We rewrite the given equation into the equivalent form $$f(x+f(y))=(x+f(y){)}^4-x^4+f(x).(1)$$ Setting $x=-f(z)$, $y=z$ in (1) we obtain $$f(0)=-(f(z){)}^4+f(-f(z))\text{for all }z\in \mathbb{R}.(2)$$ Now, setting $x=-f(z)$ in (1) and using (2) we get $$f(f(y)-f(z))=(f(y)-f(z){)}^4-(f(z){)}^4+f(-f(z))=(f(y)-f(z){)}^4+f(0)$$ for all $y,z\in \mathbb{R}$. This means that if a number $t$ can be expressed as the difference of two values of $f$, that is $t=f(y)-f(z)$, then $f(t)=t^4+f(0)$. We show that if $f$ takes any nonzero value then every number is a difference of two values of $f$. Let $f(a)=b\ne 0$. Putting $y=a$ in the original equation we have $$f(x+b)-f(x)=(x+b{)}^4-x^4.$$ Since $b\ne 0$, the expression on the right hand side is a polynomial of degree 3, and therefore takes every real number as its value when $x$ run over the entire real axis.
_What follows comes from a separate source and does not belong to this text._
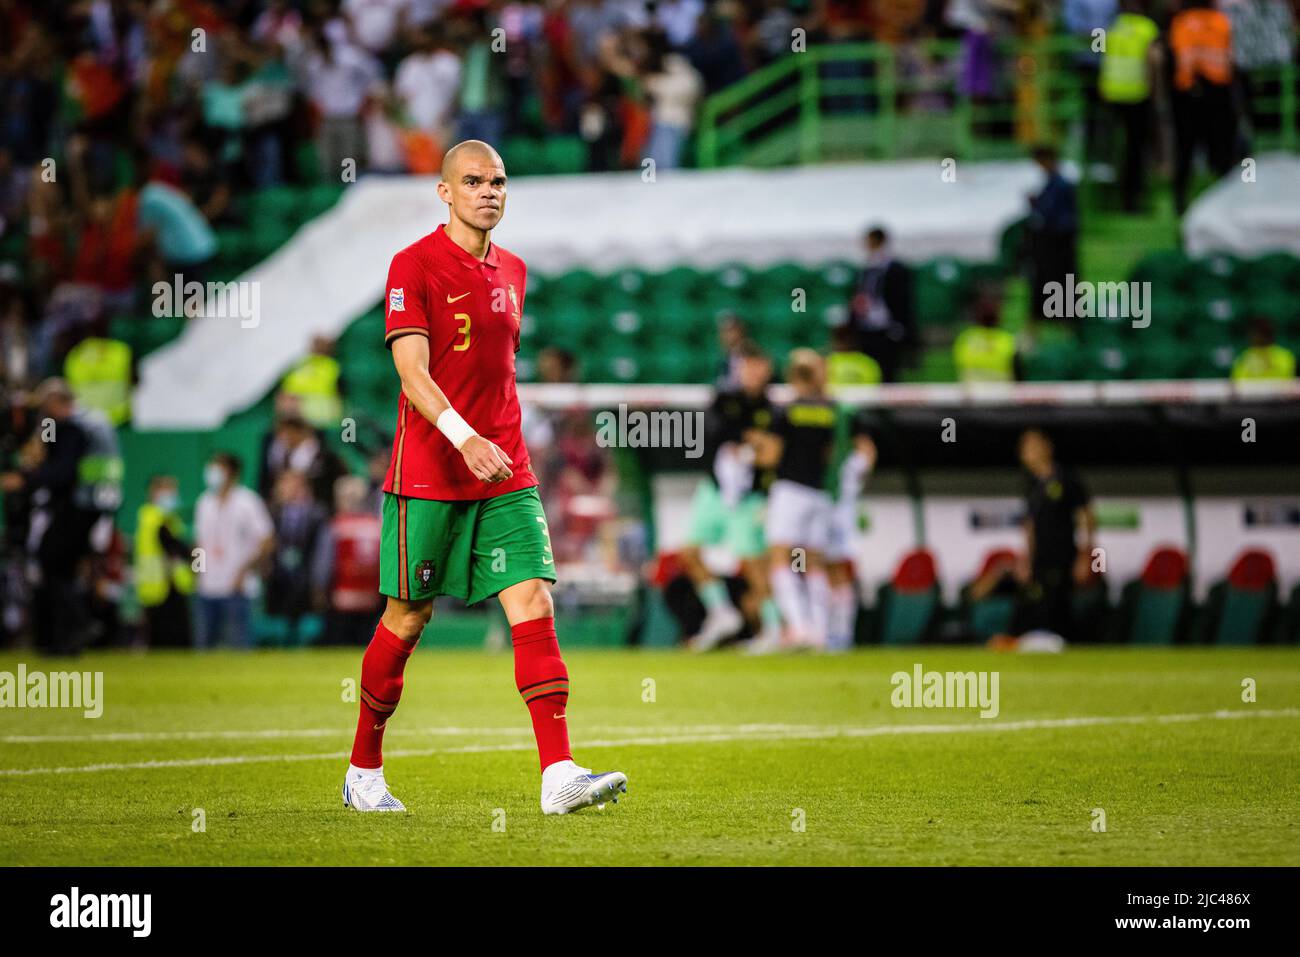 Lisbon, Portugal. 09th June, 2022. Kepler Laveran de Lima Ferreira known as Pepe of Portugal seen in action during the UEFA Nations League, League A group 2 match between Portugal and Czech Republic at the Jose Alvalade stadium. (Final score; Portugal 2:0 Czech Republic) Credit: SOPA Images Limited/Alamy Live News Stock Photo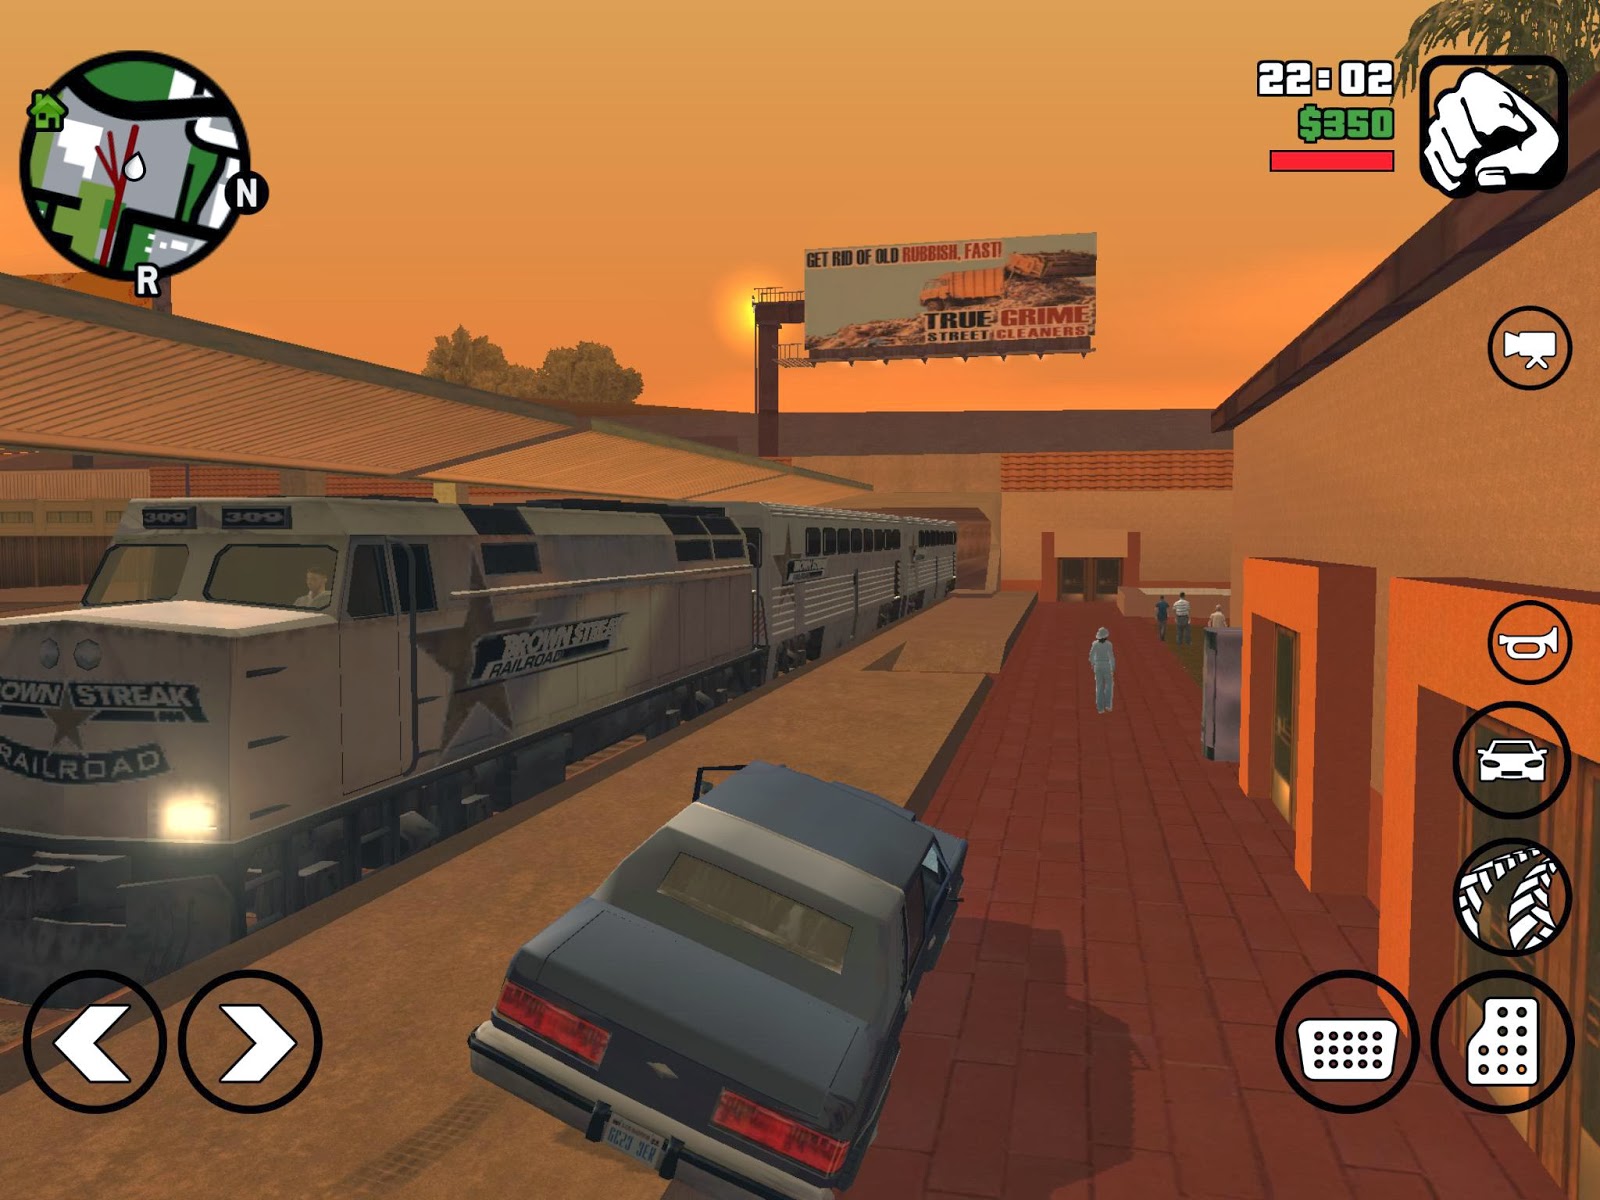 Grand Theft Auto San Andreas APK + DATA FILES Android Game

Hence, the left hand side, which is the difference of two values of $f$, can take any real value. Together with the previous observation we get $f(t)=t^4+f(0)$ for all $t\in \mathbb{R}$. Finally, one can easily check that all functions of the form $f(x)=x^4+k$ satisfy the given functional equation. The zero function is obviously a solution as well.